In third grade, Ms. Brennan began attending a program at the Germantown Neighborhood Center in Quincy, a branch of the South Shore YMCA. It was a big step for her mother, who had “wanted to keep her safe in a bubble,” because it was critical that Ms. Brennan avoid catching germs and taking health risks.

However, her mother said, “We’d saved her so she could live. And Joni just embraced life.”

Kathy Quigley, the center’s executive director, said Ms. Brennan was “beautiful and vibrant and healthier looking than anyone.” Over the years Ms. Brennan became integrally involved as a camper, then a volunteer baby sitter, a peer leader, and a head counselor.


“She was so positive and a terrific leader,” Quigley said. “The kids just loved her.”

When Ms. Brennan got her driver’s license, she drove to the center and insisted on taking Quigley for ride around the neighborhood. After her high school graduation, Ms. Brennan showed up in her cap and gown so that her mother, who now works at the center, could photograph her with program staff and participants.

“She was so much fun, she loved to have a good time,” said Carina Daniels, a friend from Quincy who accompanied Ms. Brennan on outings to Nantasket Beach and their favorite restaurants, including Grumpy White’s and La Paloma.

Daniels added that she “never knew anyone who loved her siblings the way Joni did.”

Ms. Brennan’s younger sister, Patricia, said she was “always looking out for me, always driving me places, and never complaining, not ever.”

“She made every situation, a good one or a bad one, so much better,” the Quincy resident said.

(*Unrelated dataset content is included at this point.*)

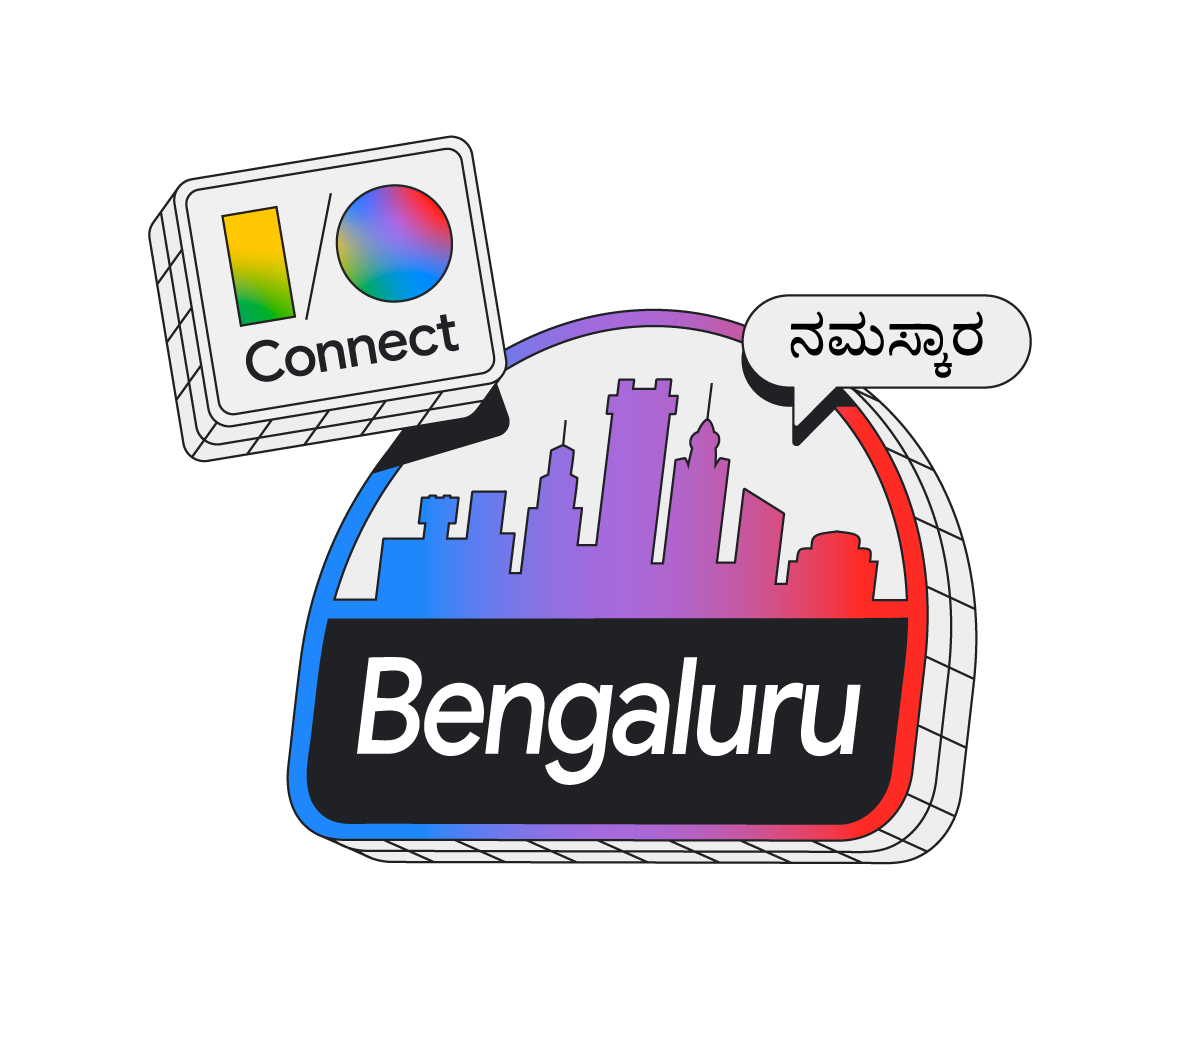 Google I/O Connect in Bengaluru

Ms. Brennan was the peacemaker during the sisters’ disputes, Diana said. “She was the happiest kid ever, and so loving,” she said. “If you ran out for 10 minutes, she’d make you feel so happy to be back home.”

Their mother said an October memorial service was attended by an “outpouring of people,” including many who said Ms. Brennan “always made them feel as though they were the most important person in the room.”


“I know mothers always say this, but she really was such a beautiful girl, and such a pure soul. She was a gift.”